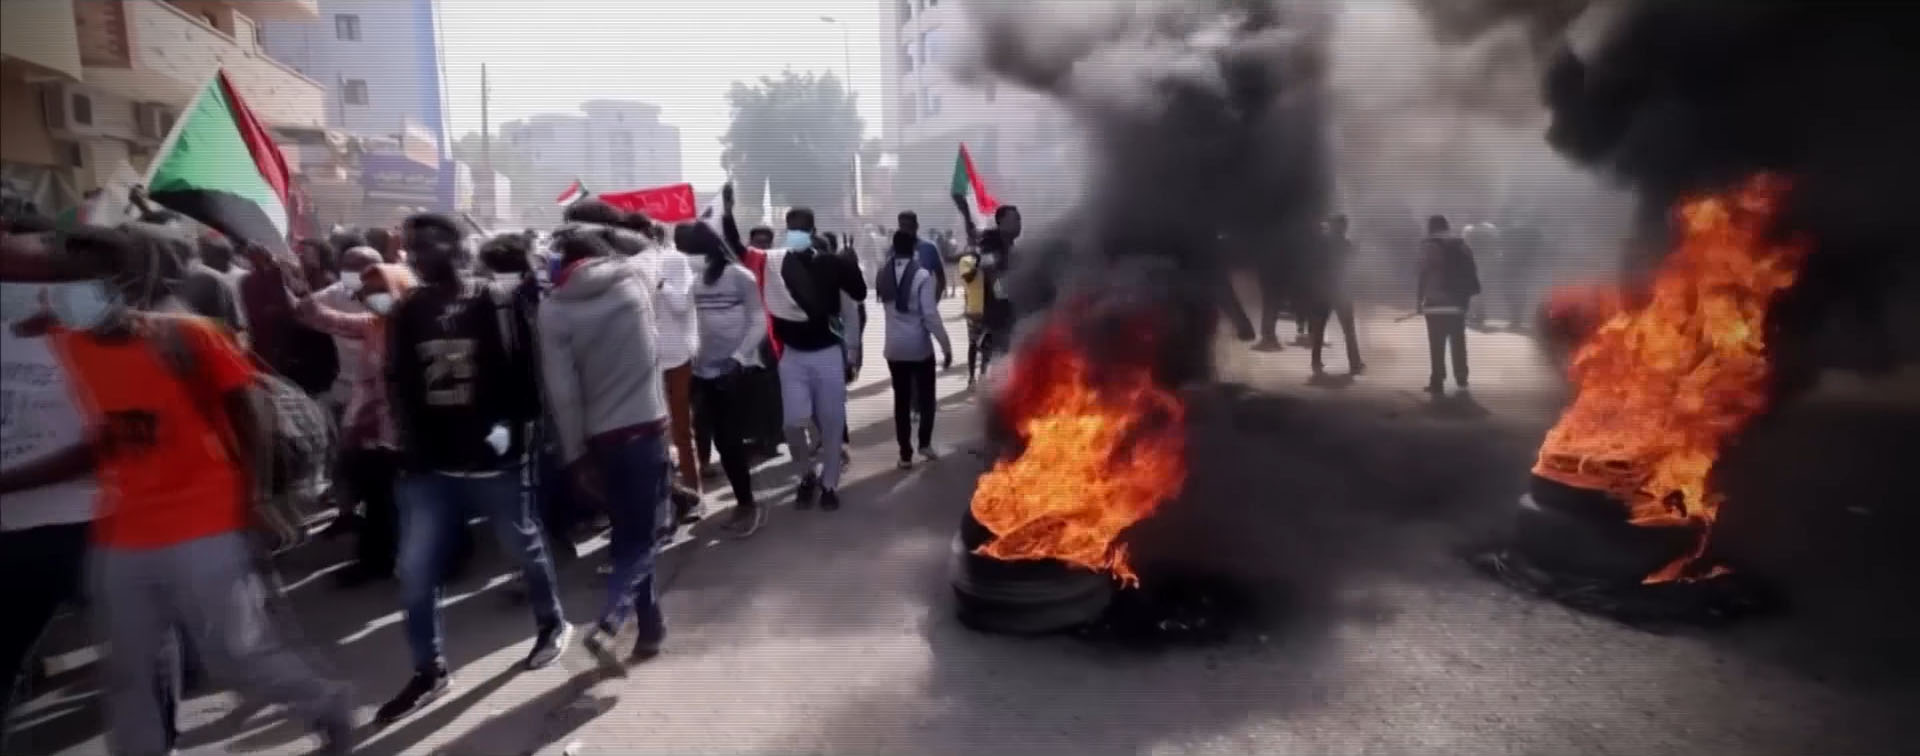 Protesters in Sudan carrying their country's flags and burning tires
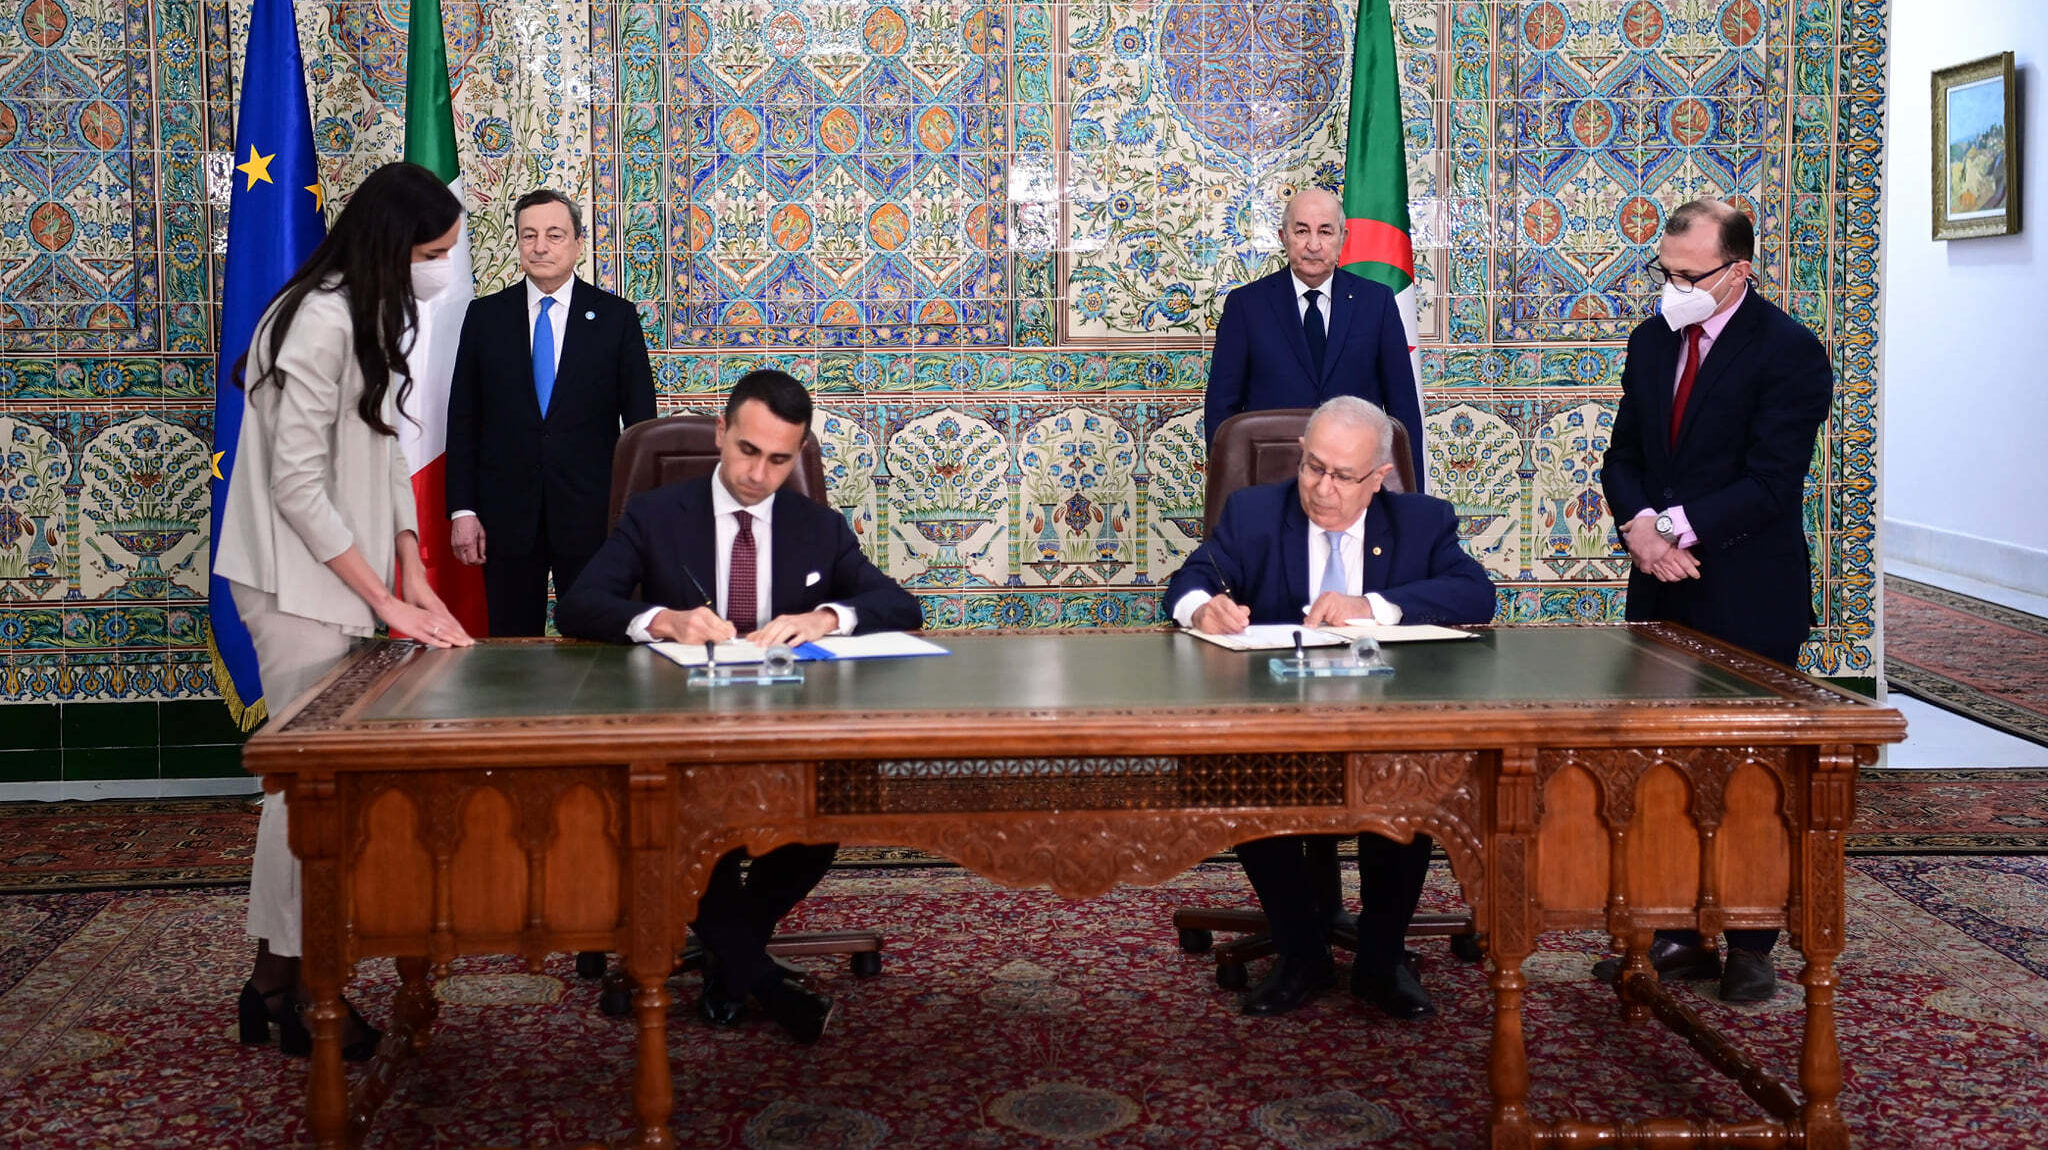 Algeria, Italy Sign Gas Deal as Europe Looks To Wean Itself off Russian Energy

==

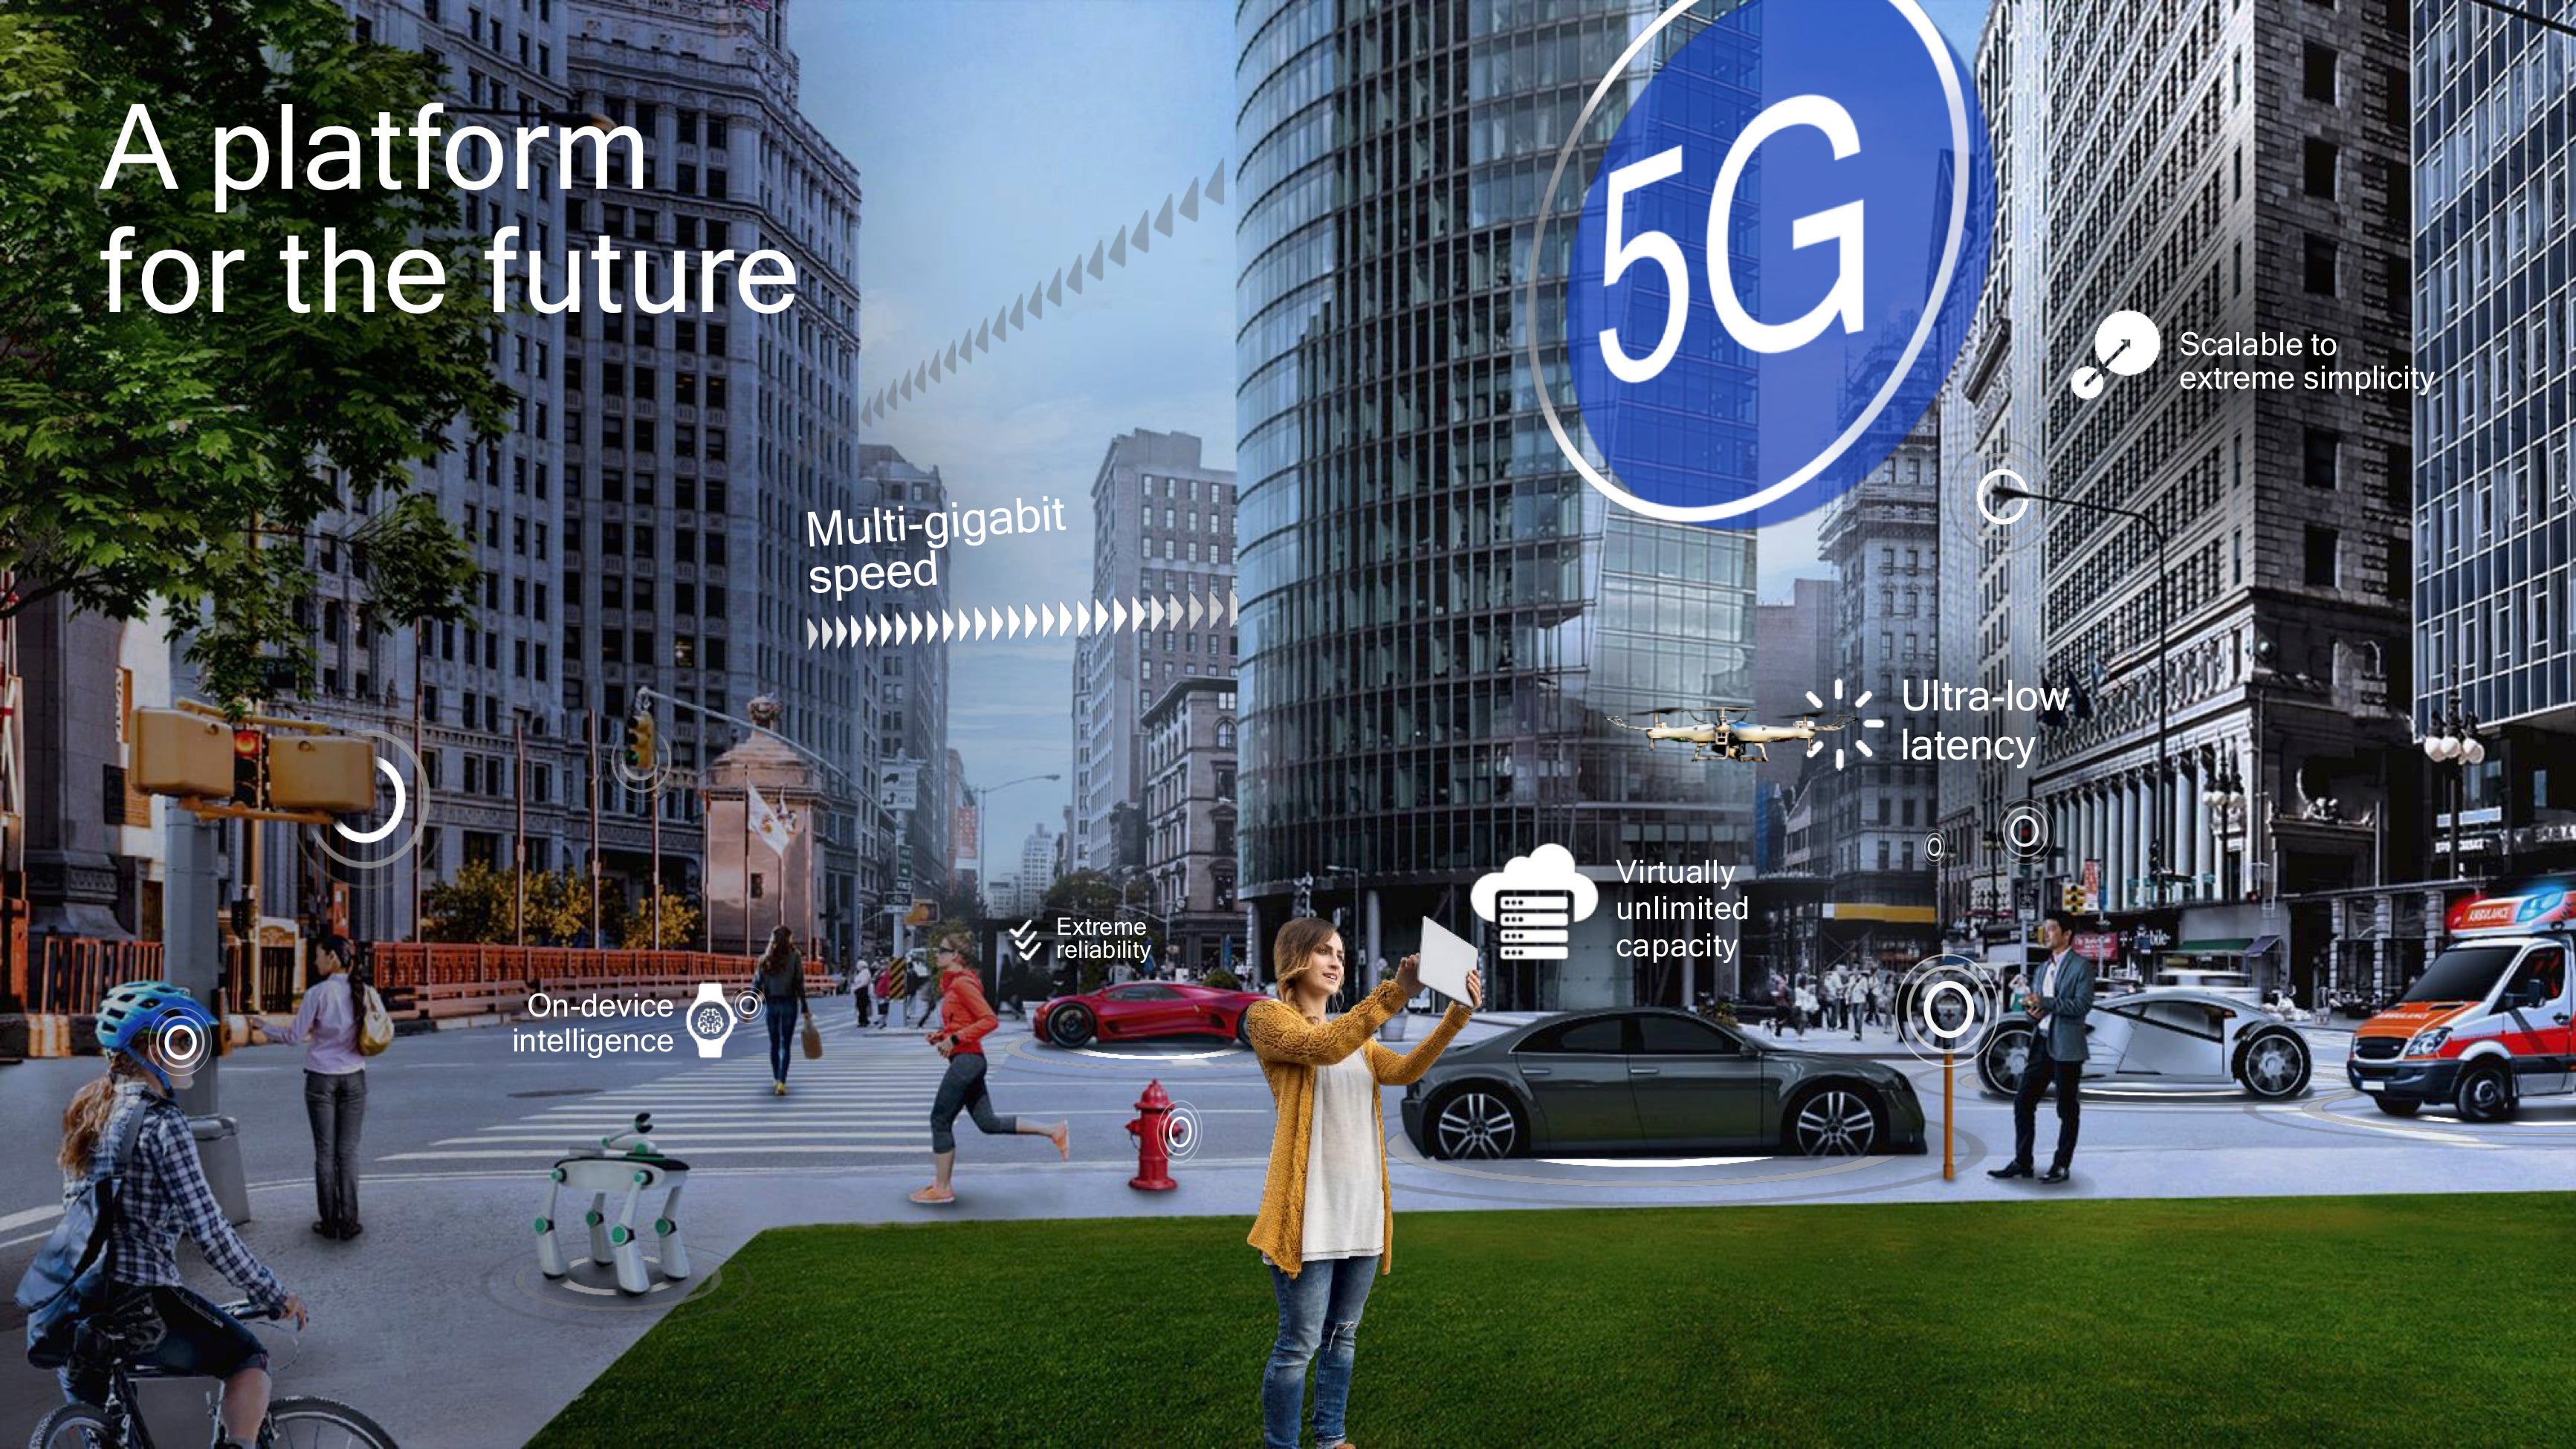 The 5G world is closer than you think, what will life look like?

...

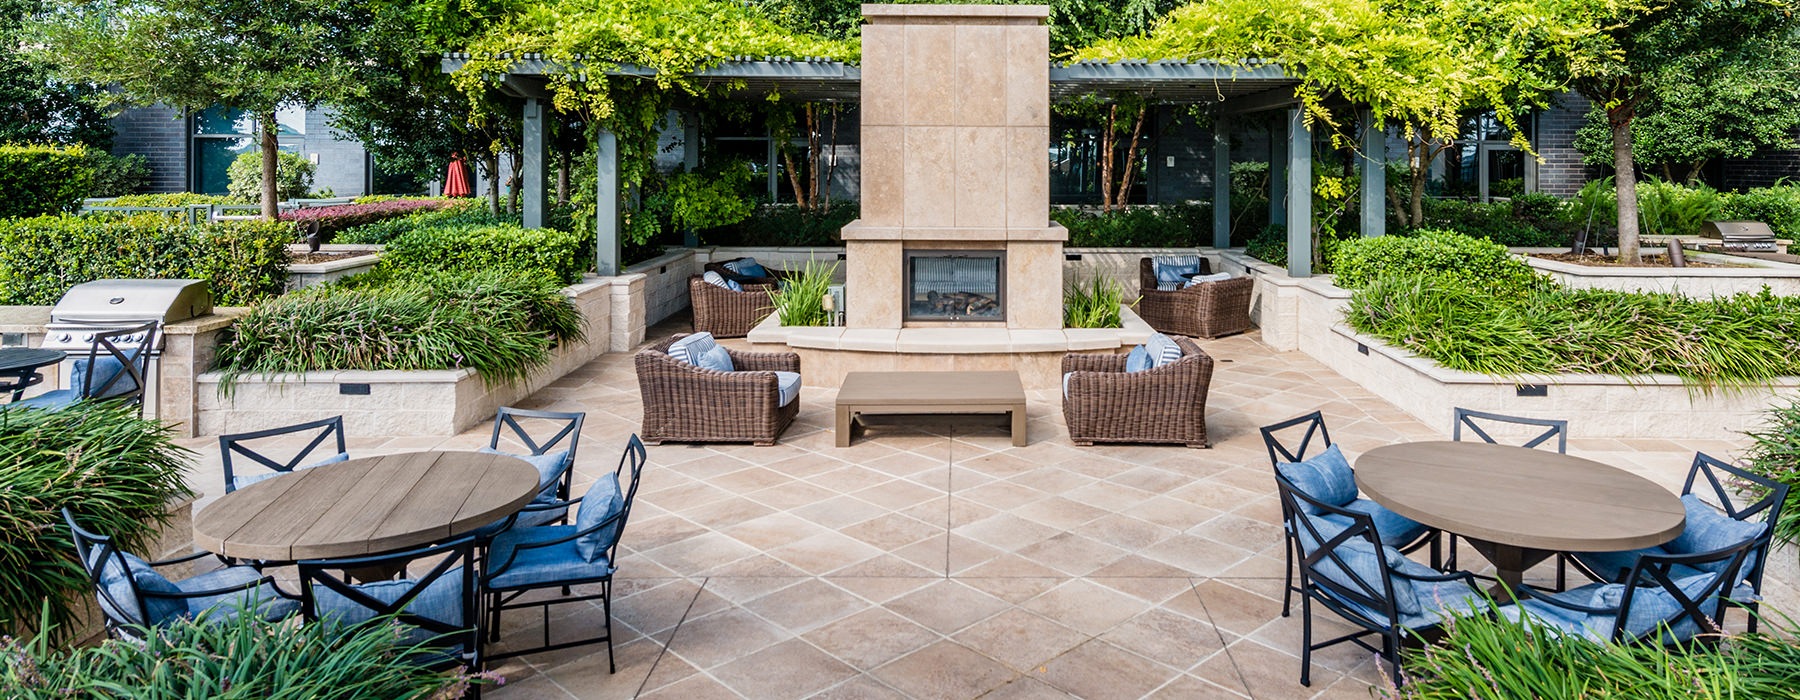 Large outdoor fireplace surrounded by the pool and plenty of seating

→ What is needed
Using the data above, copy exactly the lines from the one containing "Protesters in Sudan" to the one containing "Algeria, Italy Sign", inclusive. Exclude the pictures.

→ Expected answer
 Protesters in Sudan carrying their country's flags and burning tires
 Algeria, Italy Sign Gas Deal as Europe Looks To Wean Itself off Russian Energy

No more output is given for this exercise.